## TASK DETAILS
Reproduce the whole listing word for word. Leave every image out.

BEGIN DATA SHOWN

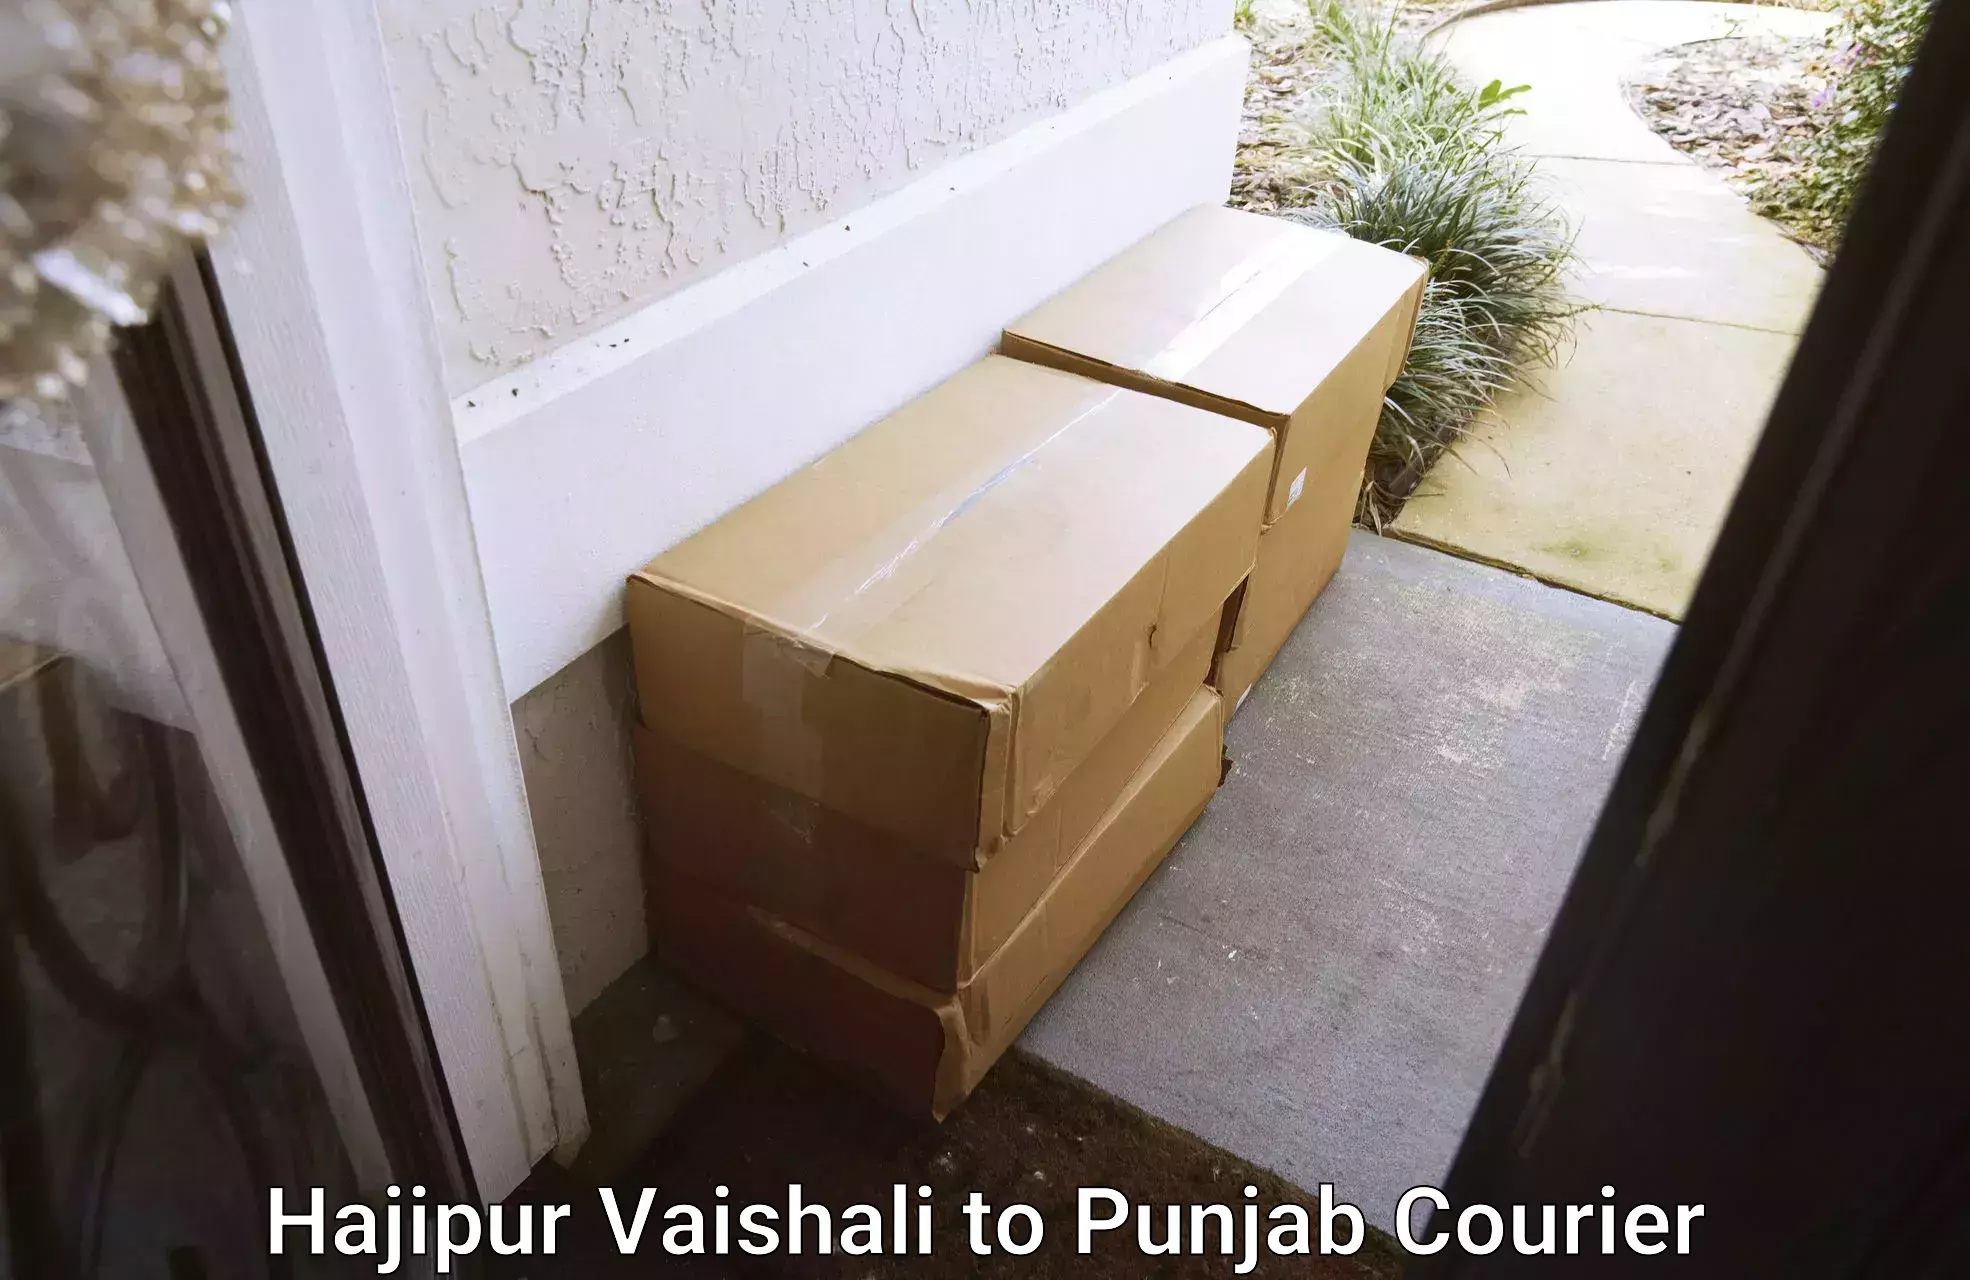 Moving and handling services Hajipur Vaishali to Amritsar
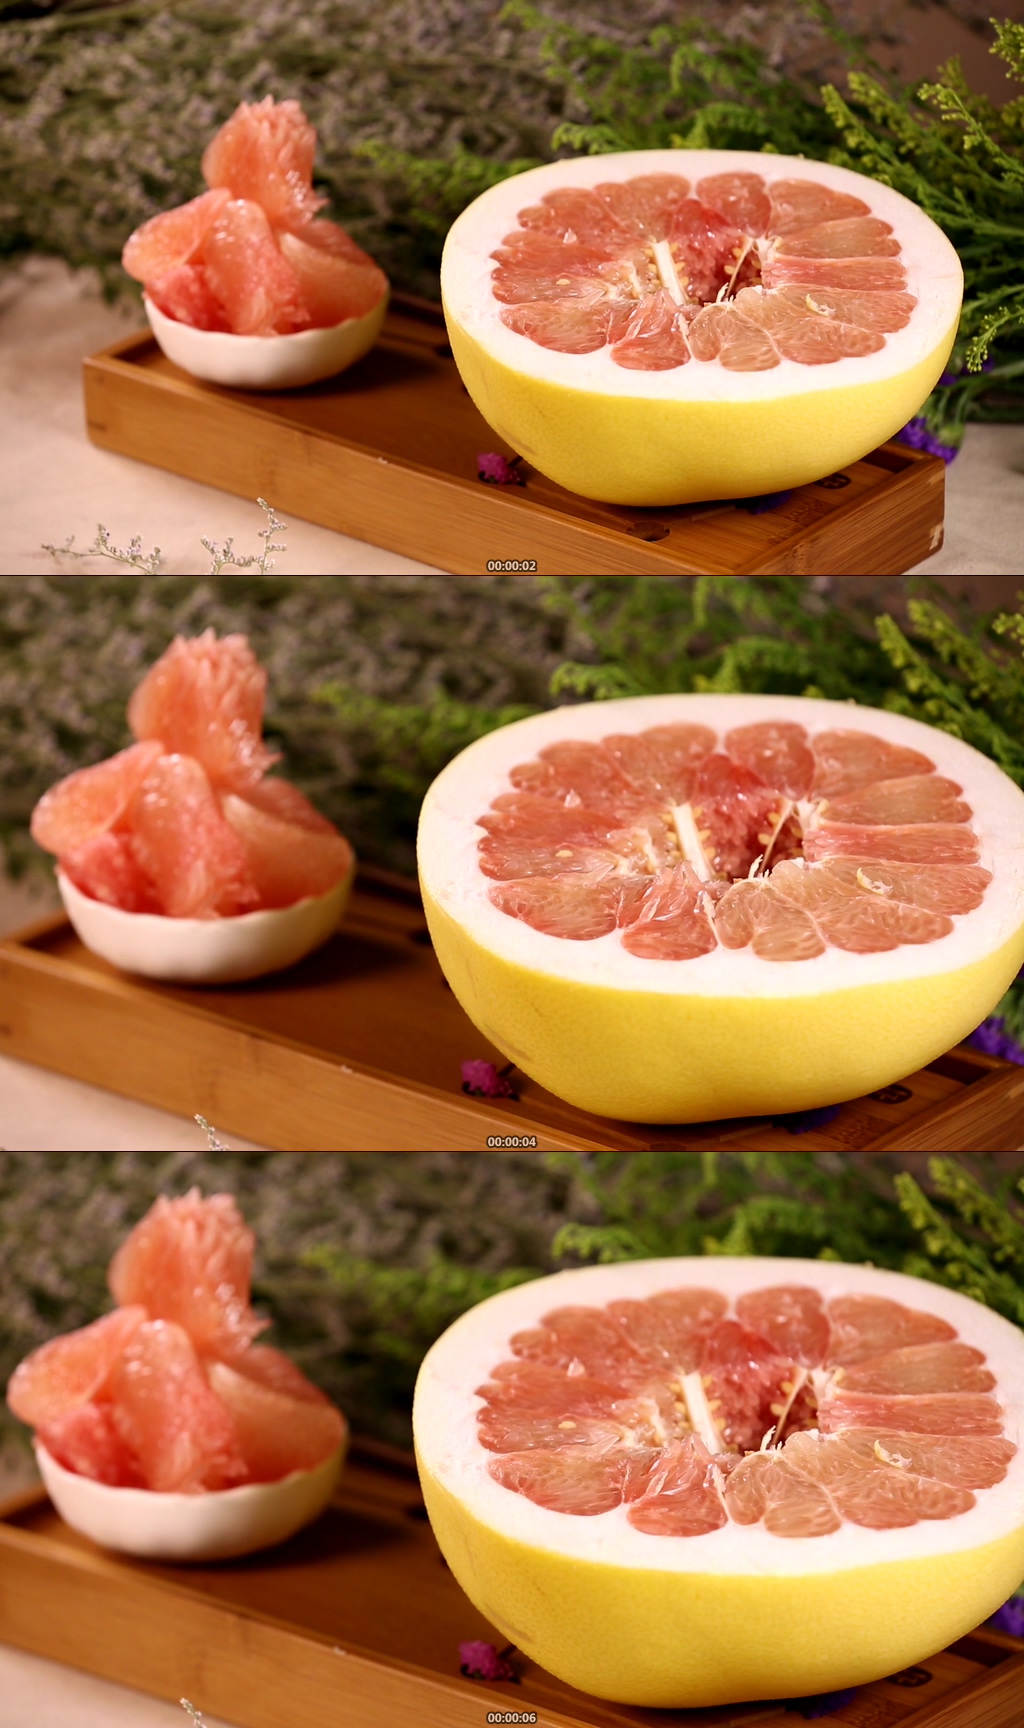 葡萄柚红心柚实拍素材免费下载,本作品是由stacey上传的原创视频素材
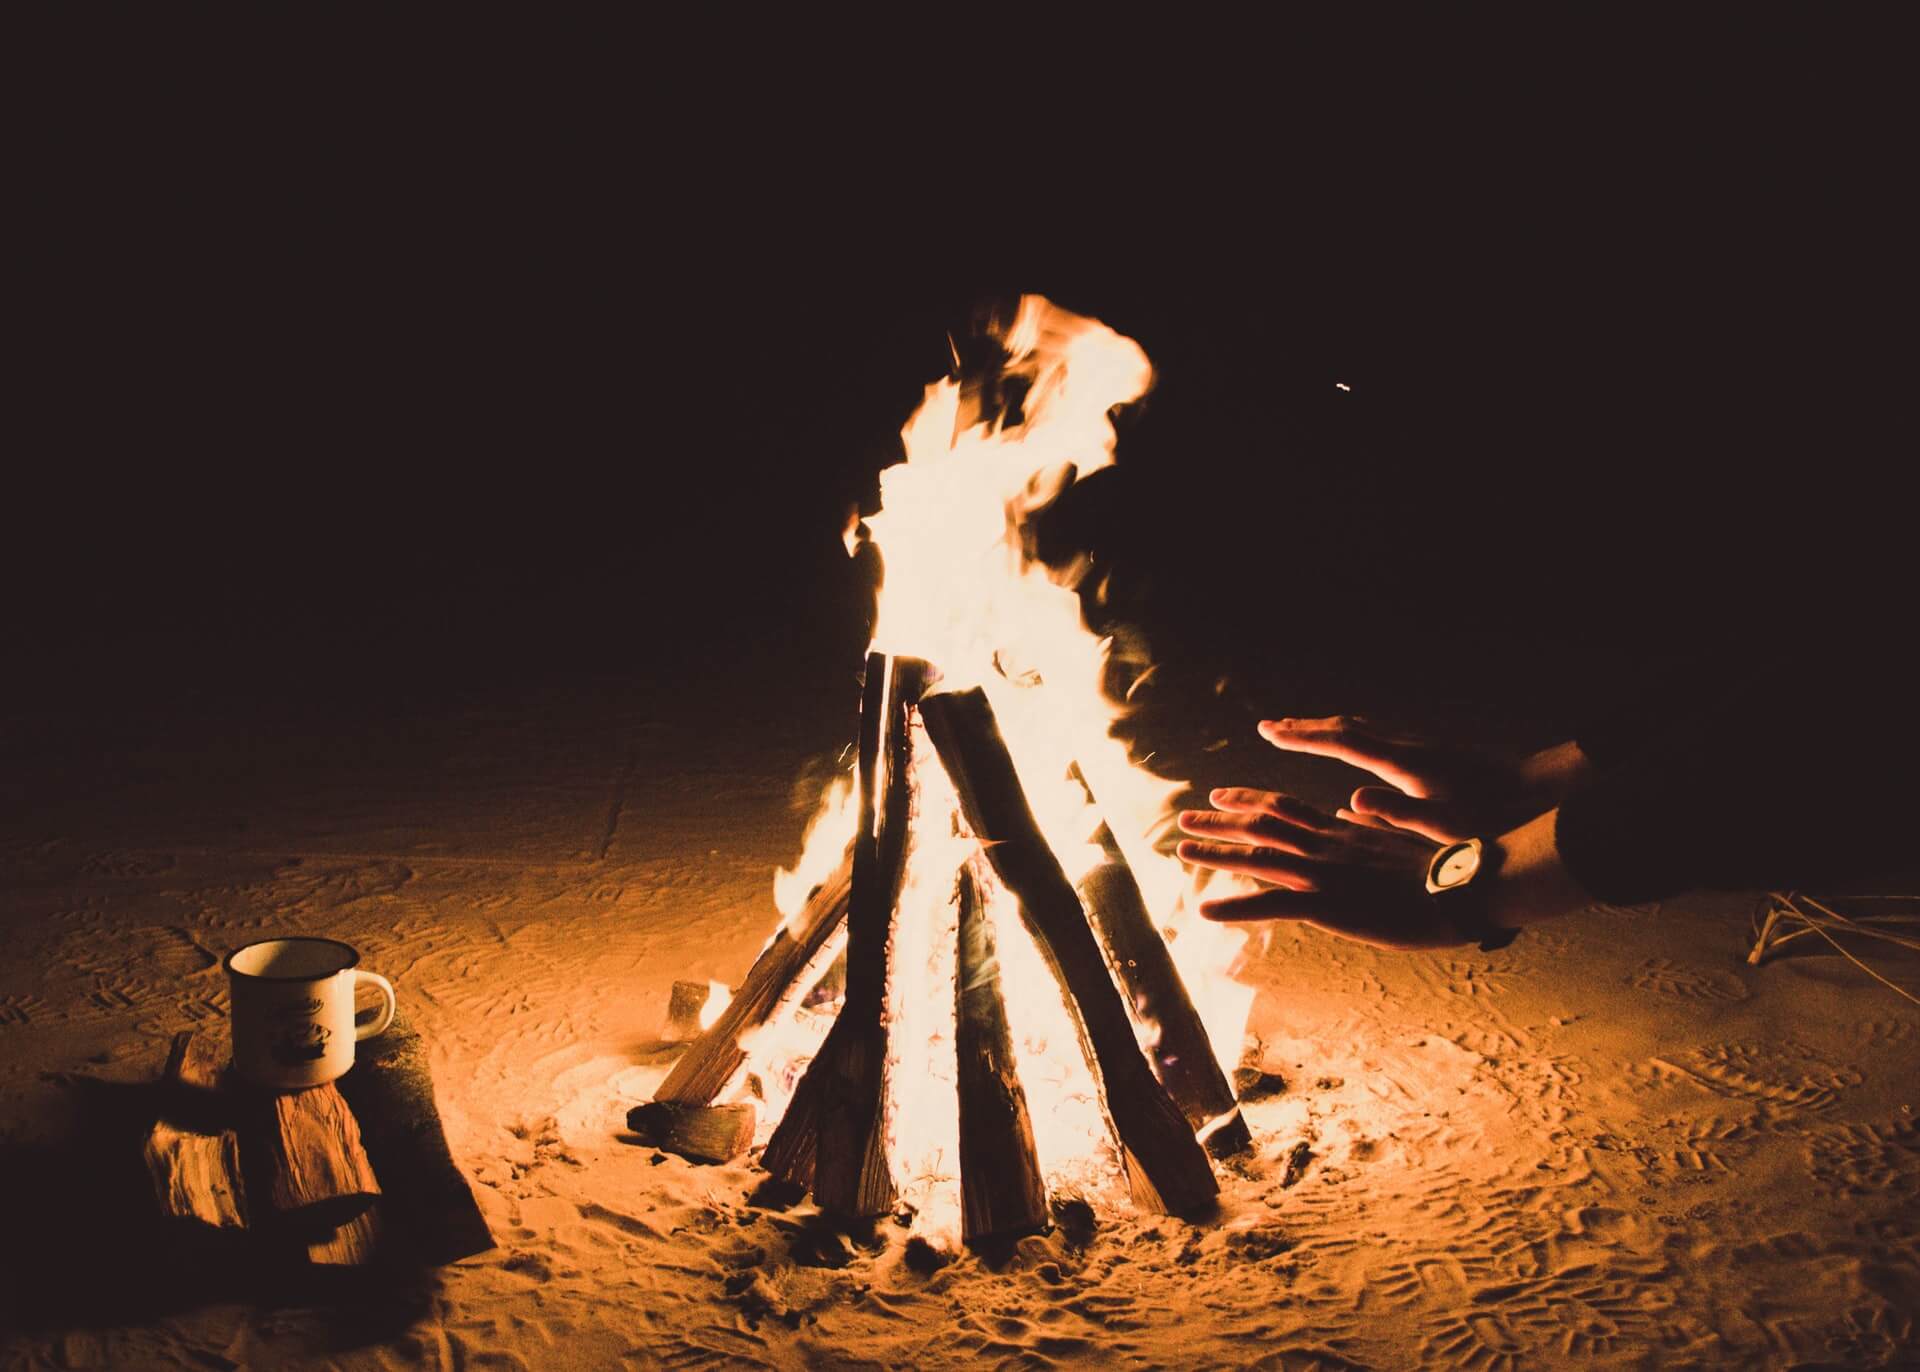 Bonfire Lohri

END DATA SHOWN

## SOLUTION TO THE PROBLEM
 Moving and handling services Hajipur Vaishali to Amritsar
 葡萄柚红心柚实拍素材免费下载,本作品是由stacey上传的原创视频素材
 Bonfire Lohri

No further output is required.